I think using the default route mtu makes certainly sense in almost all cases. In the meantime there was also reported the opposite use case (wanting a higher default mtu to improve performance https://github.com/containers/podman/issues/23883), if we detect the default gateway mtu it will just work in both directions. Doing this by default would be net benefit for users IMO, throwing warnings is always a bit odd because if we know what is wrong then why don't we just fix it?
For cases where our logic might not choose the right default we still have the per network mtu option to overwrite it. Adding a second default_mtu option may be useful as well but there would need to consider https://github.com/containers/podman/issues/23883#issuecomment-2338491674 so the implement is not a simple as I would like.

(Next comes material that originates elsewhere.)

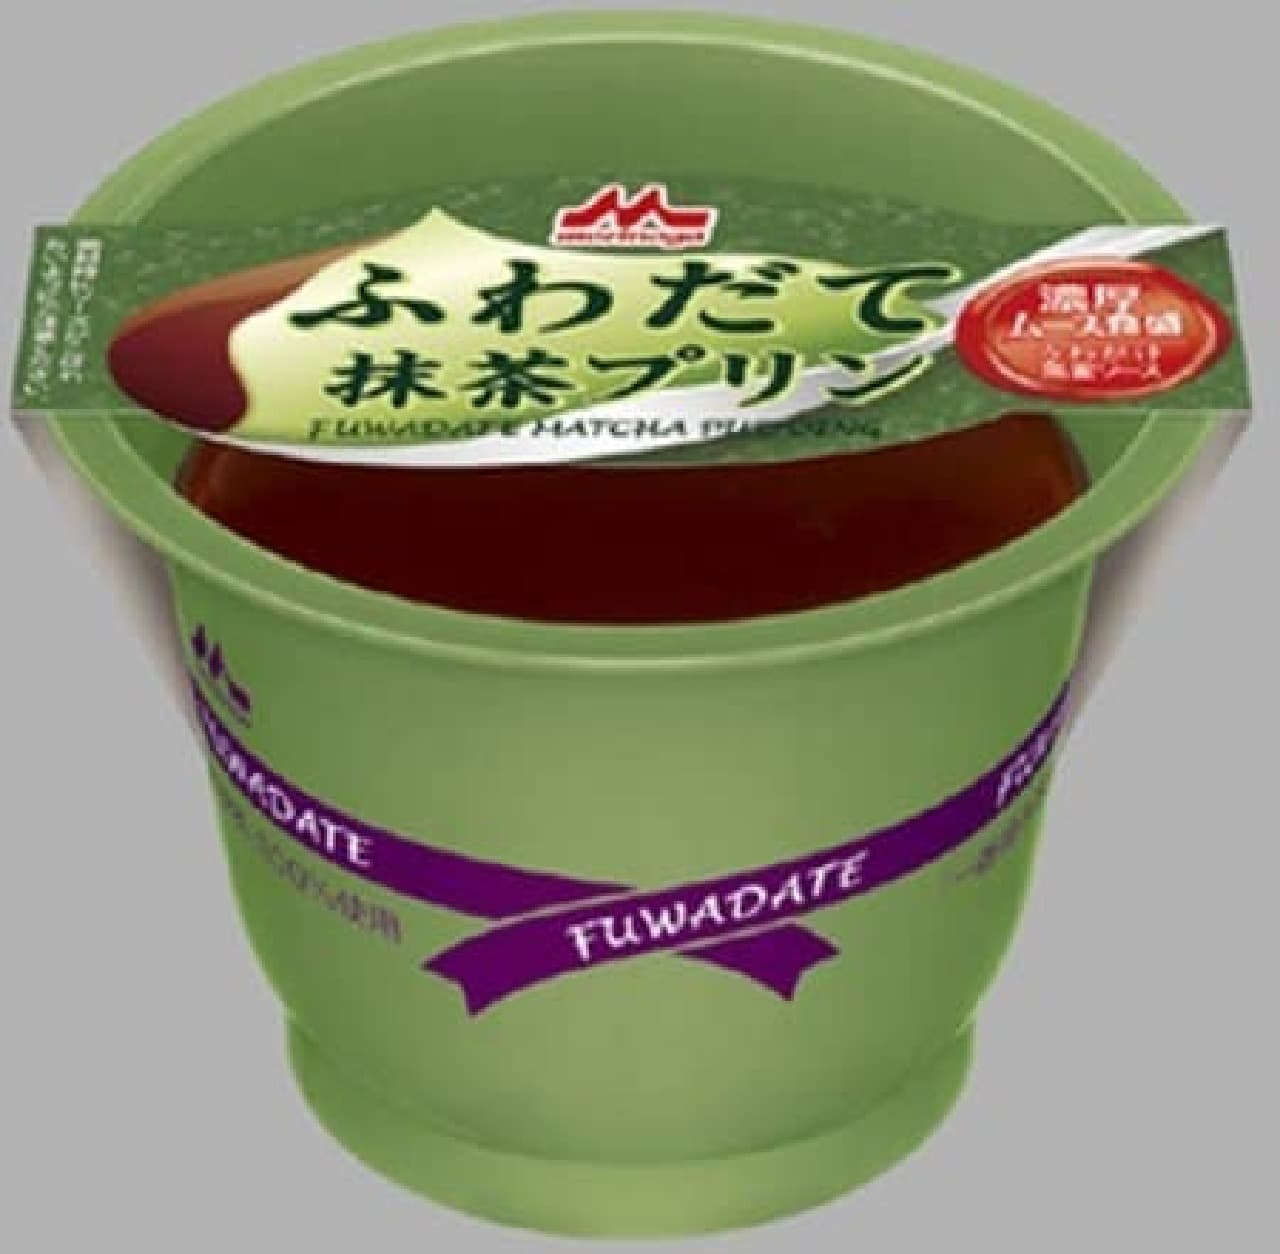 "Morinaga Fuwadate Matcha Pudding" where you can enjoy the "texture of only bubbles"

I don't have much time to work on this though anytime soon though. If you need/want this prioritized please file a RFE in the Red Hat Jira against podman (linking the upstream issue is fine) so our team can consider this during planning.
@Luap99 what would be the project in Jira? (I see PODMAND but not sure if it's that one) thanks
@mangelajo use the RHEL project and select podman as component
@mangelajo use the RHEL project and select podman as component
done https://issues.redhat.com/browse/RHEL-67298
Thank you!
Popping in here to say that three senior engineers just spent four hours debugging this exact issue, eventually ending up here. The RHEL issue has been closed as "Cannot Reproduce" on the 26th of Feb without comment or elaboration, despite clear reproduction instructions in the report. (Well, they're clear to me anyway - @Luap99 is there more information that could be provided that would help the Red Hat folks reproduce?)
For what it's worth, @fingon's workaround works perfectly, but one has to debug as far as finding this issue page first :-/